___ The data ___
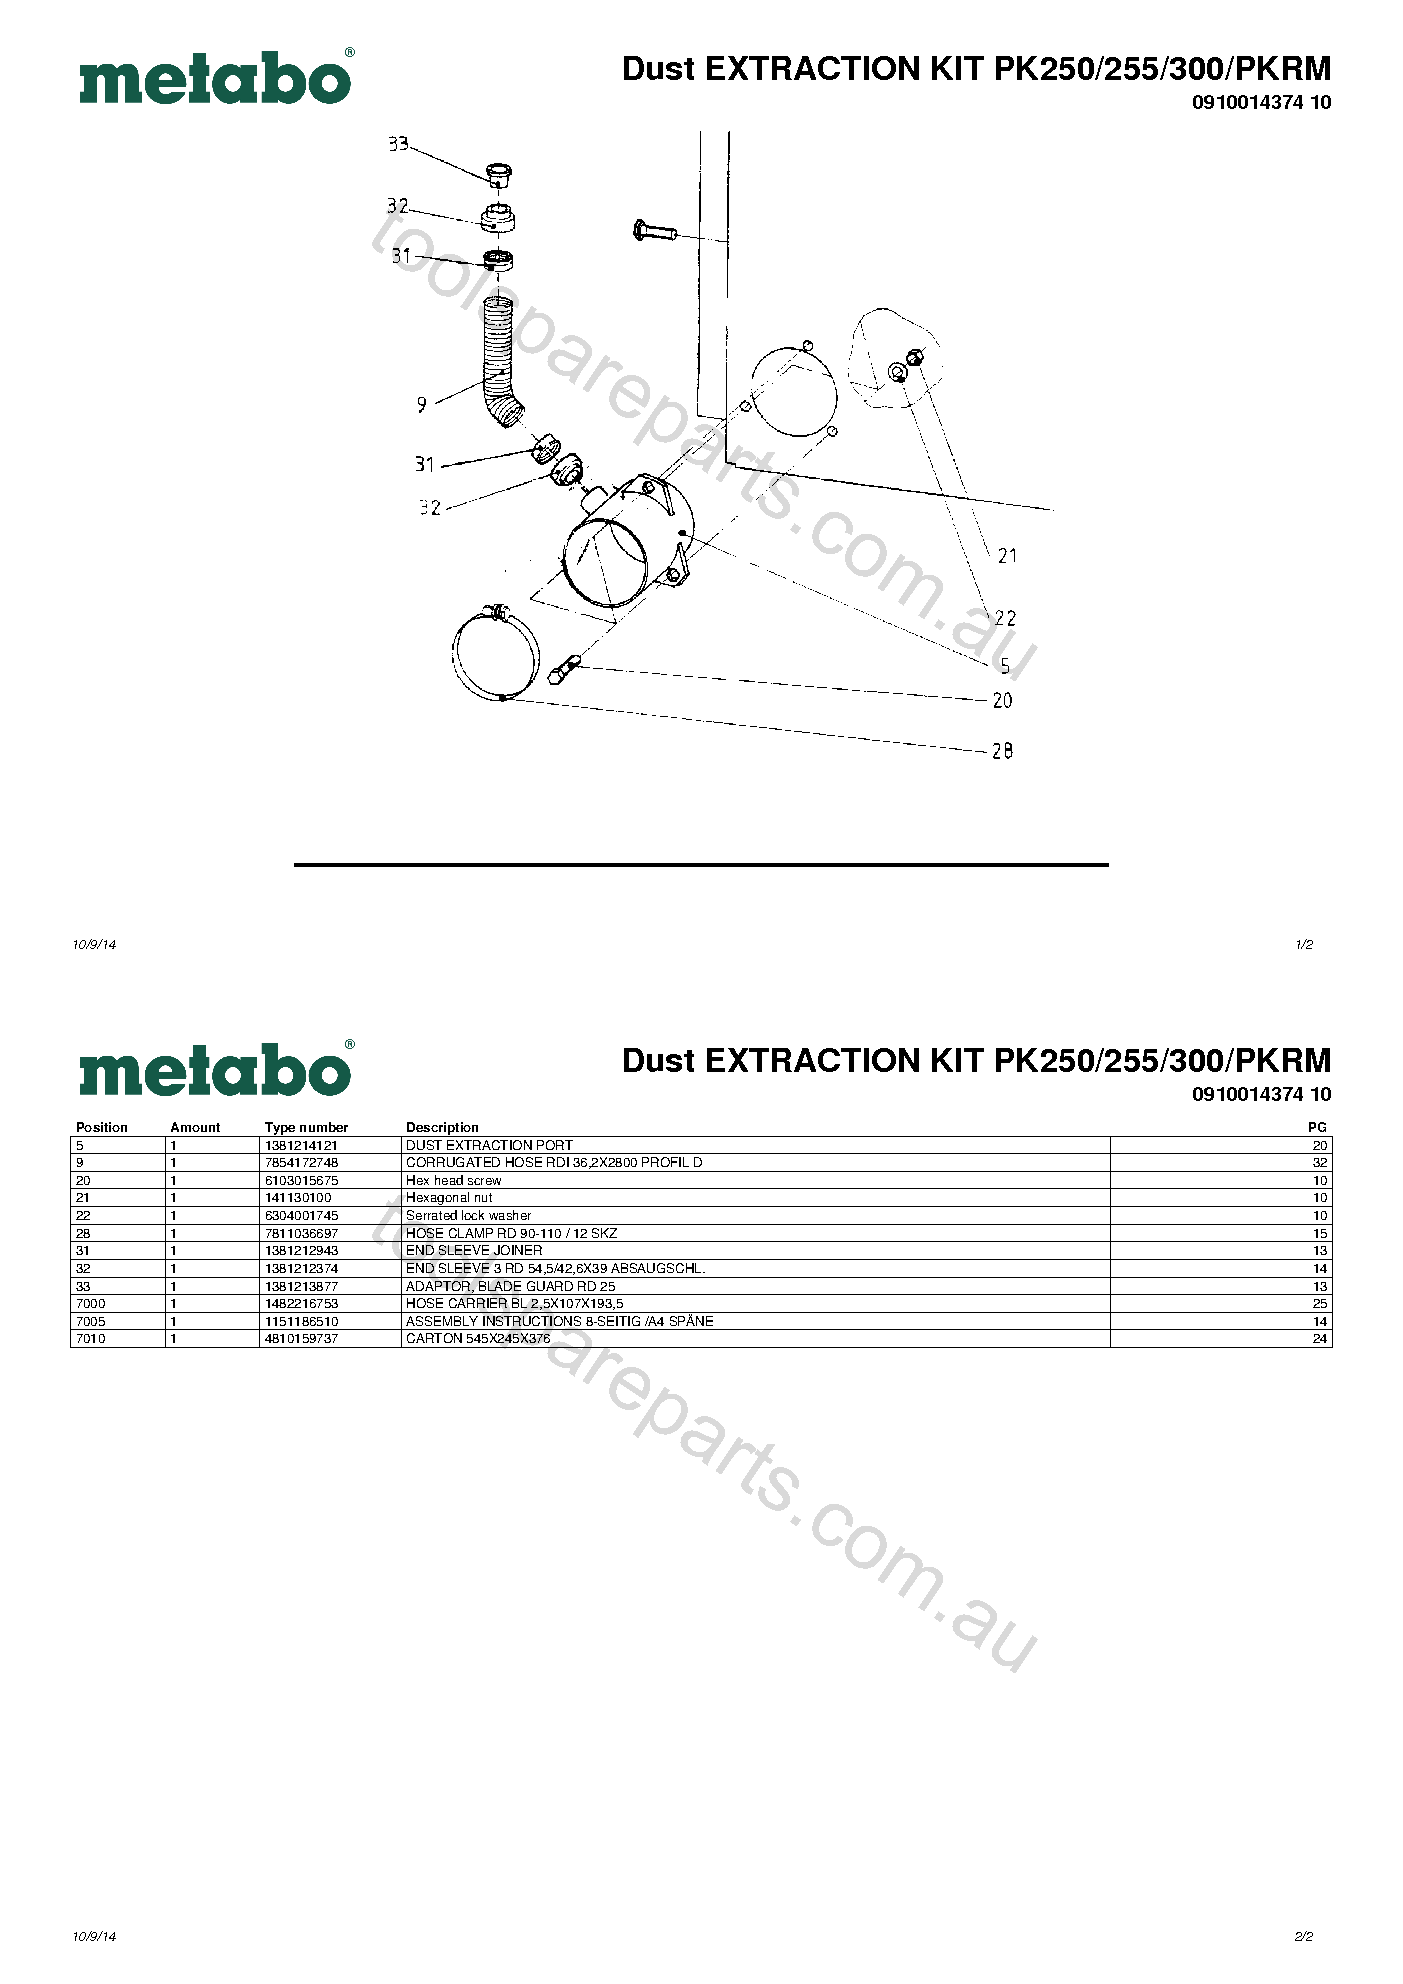 Metabo Dust EXTRACTION KIT PK250/255/300/PKRM 0910014374 10  Diagram 1
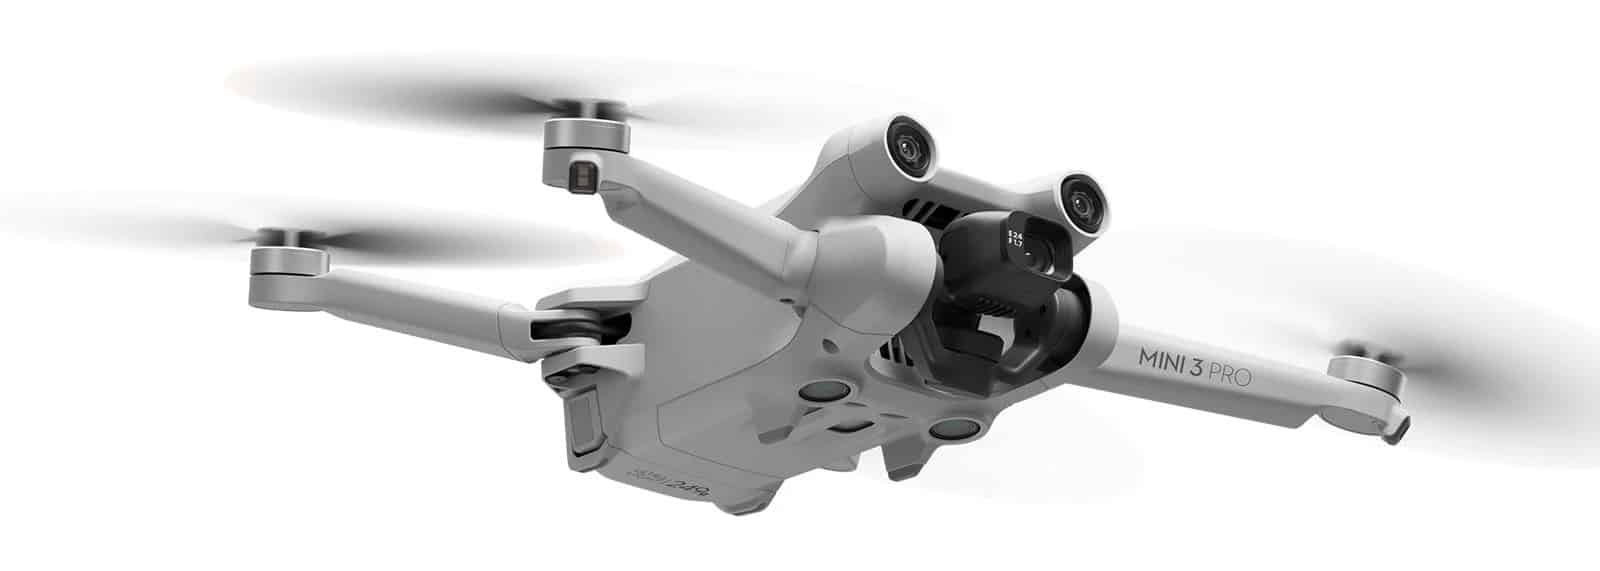 DJI ra mắt Mini 3 Pro, drone dưới 249g nhưng đủ tính năng với cảm biến 48MP và quay 4K
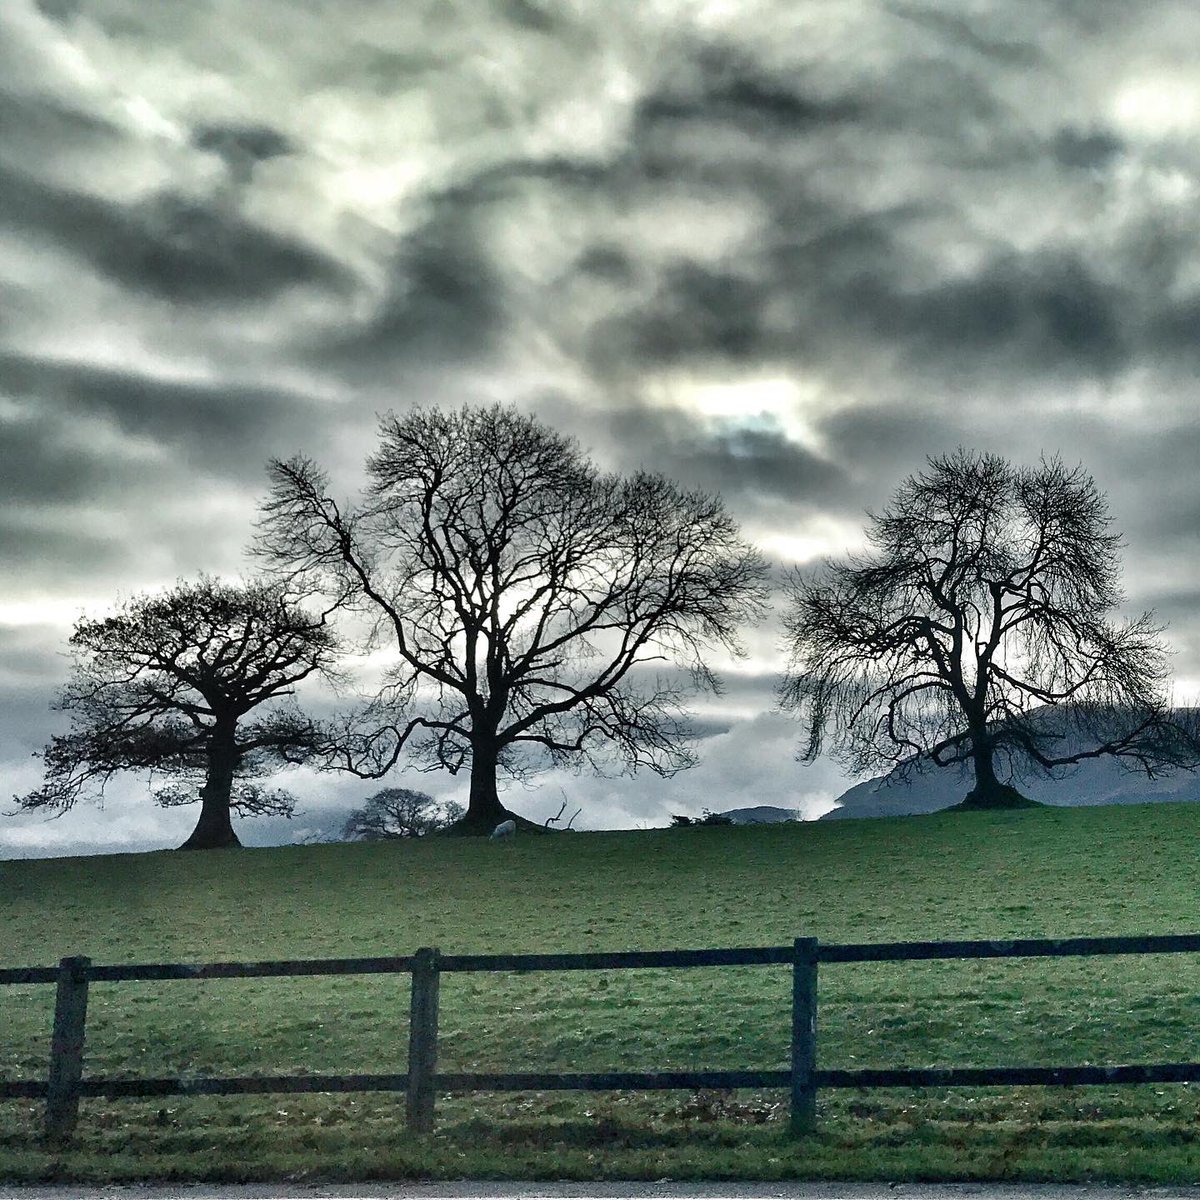 Heading into Killarney. I love these trees

🌳

County Kerry, Ireland 
. #tiitrees #lovekillarney #RingOfKerry #TodayInIreland
___
**Work instruction**.
Your reply should hold exactly the lines from the line containing "DJI ra mắt Mini" through the final line of the listing, and none of the pictures.

**Response below**.
 DJI ra mắt Mini 3 Pro, drone dưới 249g nhưng đủ tính năng với cảm biến 48MP và quay 4K
 Heading into Killarney. I love these trees

🌳

County Kerry, Ireland 
. #tiitrees #lovekillarney #RingOfKerry #TodayInIreland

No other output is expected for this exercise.